Businesses are constantly seeking innovative ways to improve their customers’ experiences.

In past centuries, it was the owner of the general store who knew a customer’s purchase preferences and needs. The owner would order goods they knew their customers would need and would market those items. In today’s market, delivering a personalized experience requires analyzing data, which in turn requires complying with, among other things, privacy laws and customer expectations regarding their privacy.

One innovation intended to address these compliance concerns is the “data clean room,” or DCR, a cloud data processing technology that allows companies to exchange and analyze data without sharing their entire customer information database.

For example, advertisers might analyze consumer purchase pattern data from different businesses in DCRs to offer targeted discounts to their customers only for services they would be interested in; credit card companies could leverage DCRs to share anonymized transaction history to identify fraud across different platforms; and retail shops can combine purchase histories with demographic information to curate products tailored for each consumer.

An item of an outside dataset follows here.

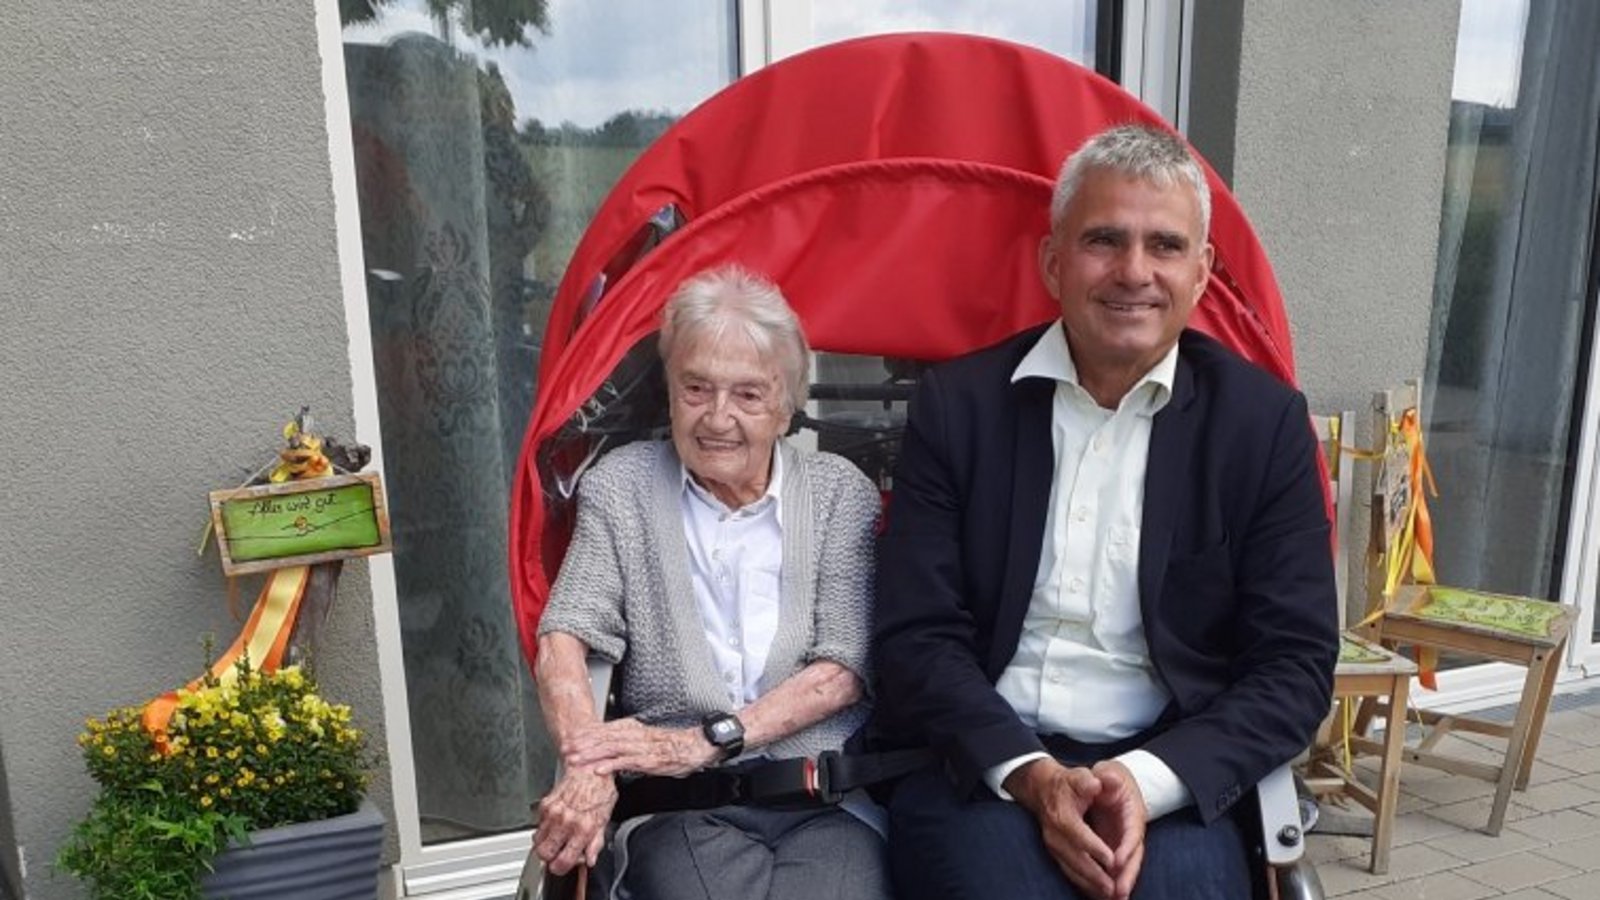 Rikschafahrt mit dem Bürgermeister: Johanna Paret aus Sachsenheim wurde gestern 100 Jahre alt.  Foto: Glemser
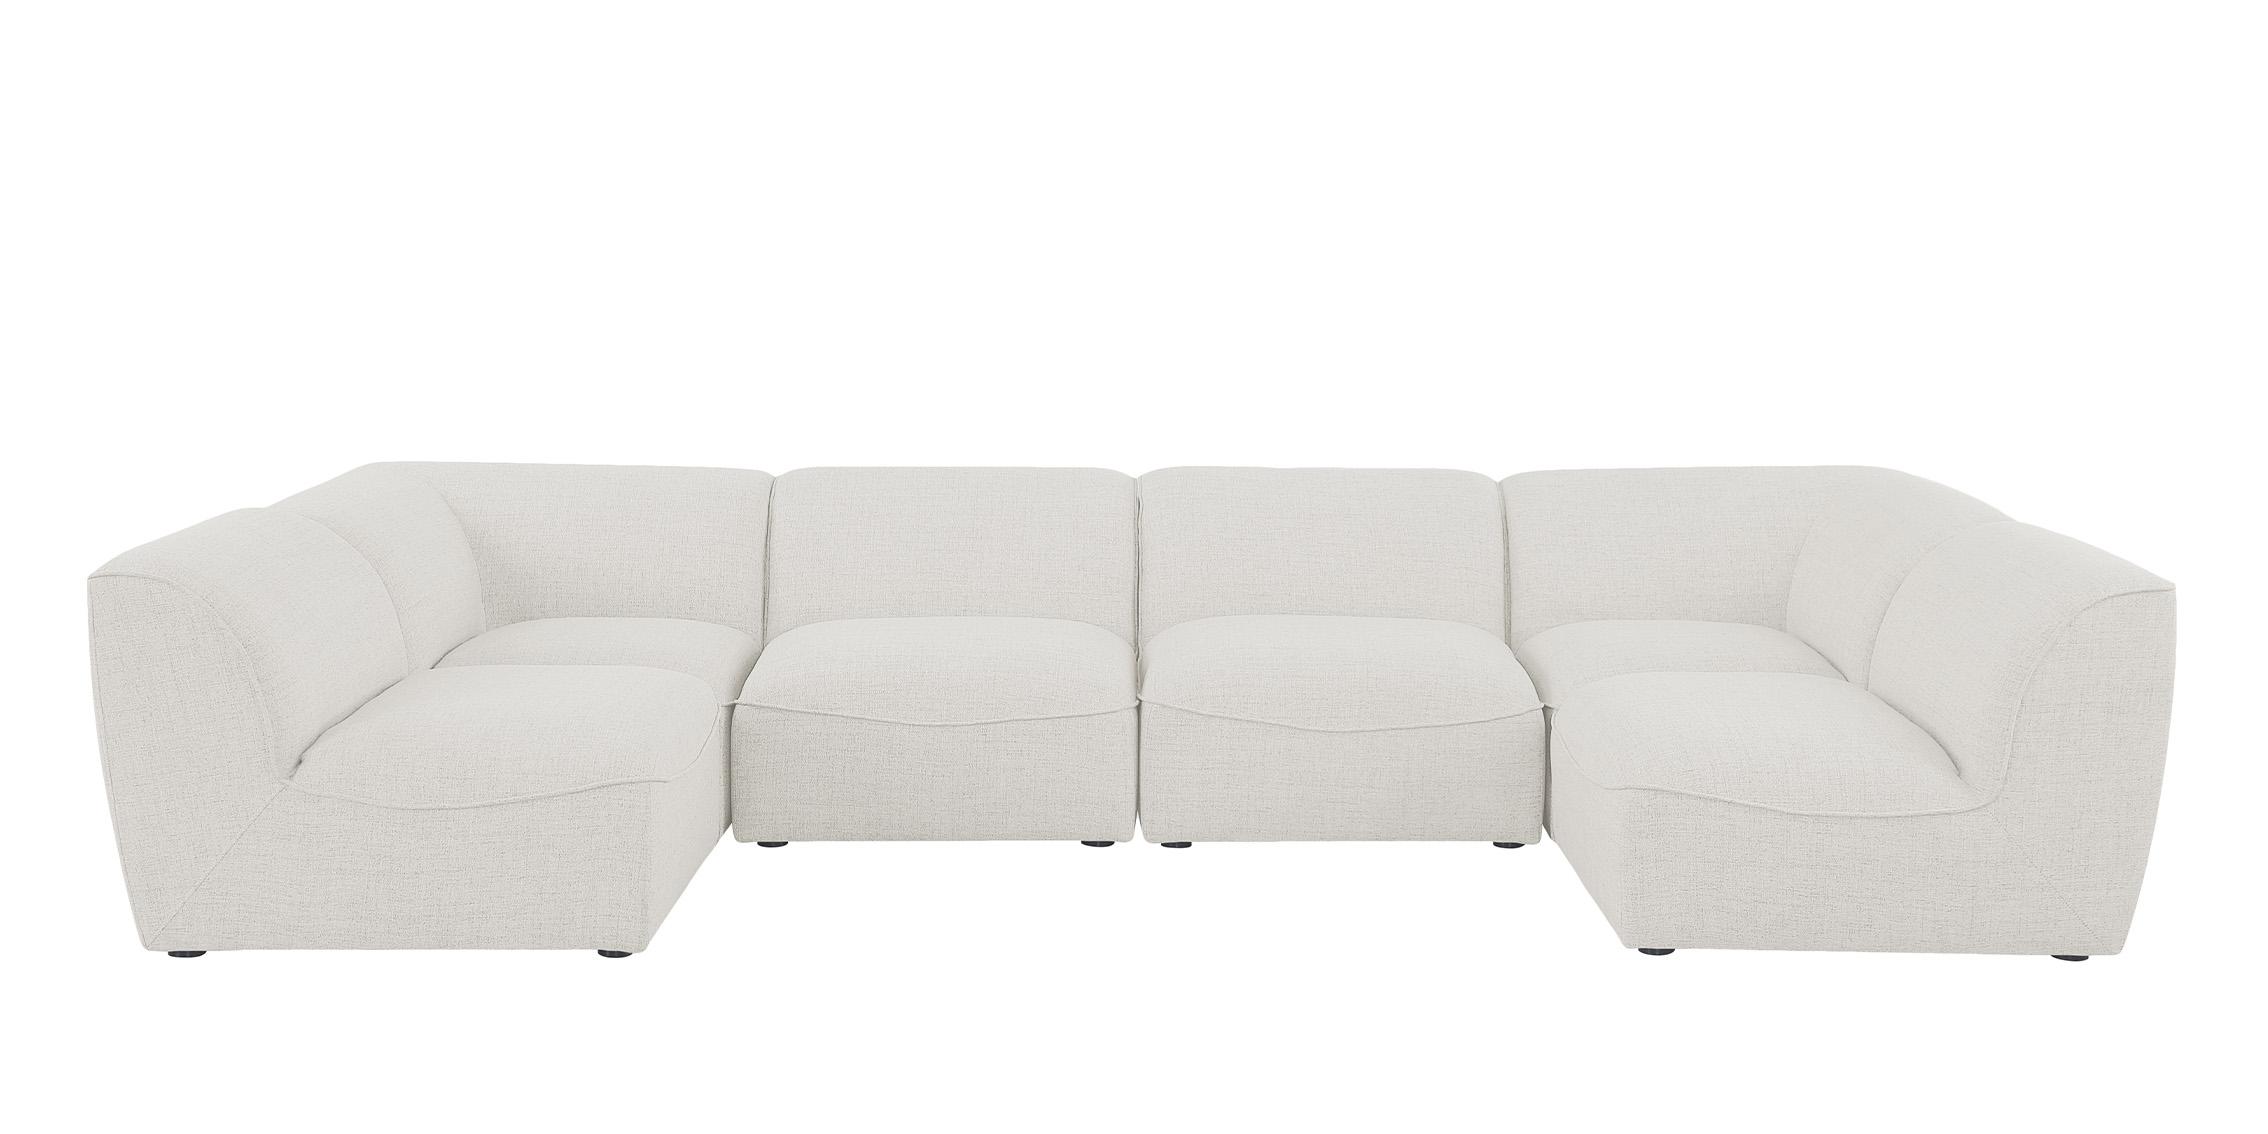 

    
Meridian Furniture MIRAMAR 683Cream-Sec6D Modular Sectional Sofa Cream 683Cream-Sec6D

When used properly, the DCR can be immensely beneficial. Thus, DCR users need to put proper security measures in place to balance these goals with consumer privacy.

On Nov. 13, the Federal Trade Commission released a blog post[1] about DCRs to warn businesses not to think of DCRs as a one-stop solution to solve all compliance issues, because, despite their squeaky-clean name, the FTC believes DCRs can have complicated implications for user privacy.

How Data Clean Rooms Work

According to IAB Technology Laboratory’s DCR Guidance and Recommended Practices, a DCR is a “secure collaboration environment which allows two or more participants to leverage data assets for specific, mutually agreed-upon uses, while guaranteeing enforcement of strict data access limitations.”[2] This means that companies can share and match their deidentified transaction data to provide their consumers tailored experiences.

Prior to the use of DCRs, companies used anonymization techniques to protect consumer privacy while analyzing datasets subject to laws with use limitations — for example, replacing names with pseudonyms.

However, with advanced artificial intelligence algorithms able to sweep the internet and better analyze data patterns, there are growing concerns that anonymized data can be reverse-engineered if the unique characteristics of the data are combined with external information. This could lead to individuals being reidentified, despite a company’s best efforts to protect consumers’ personally identifiable information.

DCRs mitigate such concerns by providing a tool that further deidentifies data while still producing analysis that allows companies to provide consumers personalized experiences.

Specifically, DCRs use differential privacy. Differential privacy adds another layer of protection to anonymized data, making it harder to reverse-engineer personal information. Differential privacy is achieved by using mathematical frameworks to intentionally inject “noise,” or irrelevant data, into aggregated datasets. The added data preserves the pattern of data for users to analyze but prevents them from reversing the pattern to track the information of any particular individual.

DCRs can be analogized to seeing a gathering of people through frosted windows. You might be able to get a general idea of whether music is playing or how many people are present, but you won’t be able to discern the exact song or attendees’ faces.

Additional DCR security measures may be added through a combination of data isolation, privacy-enhancing technologies, privacy control mechanisms and access controls, all of which ensure strict data protections while enabling analysis. Data isolation allows companies to separate different datasets and limit access to only certain subsets of data.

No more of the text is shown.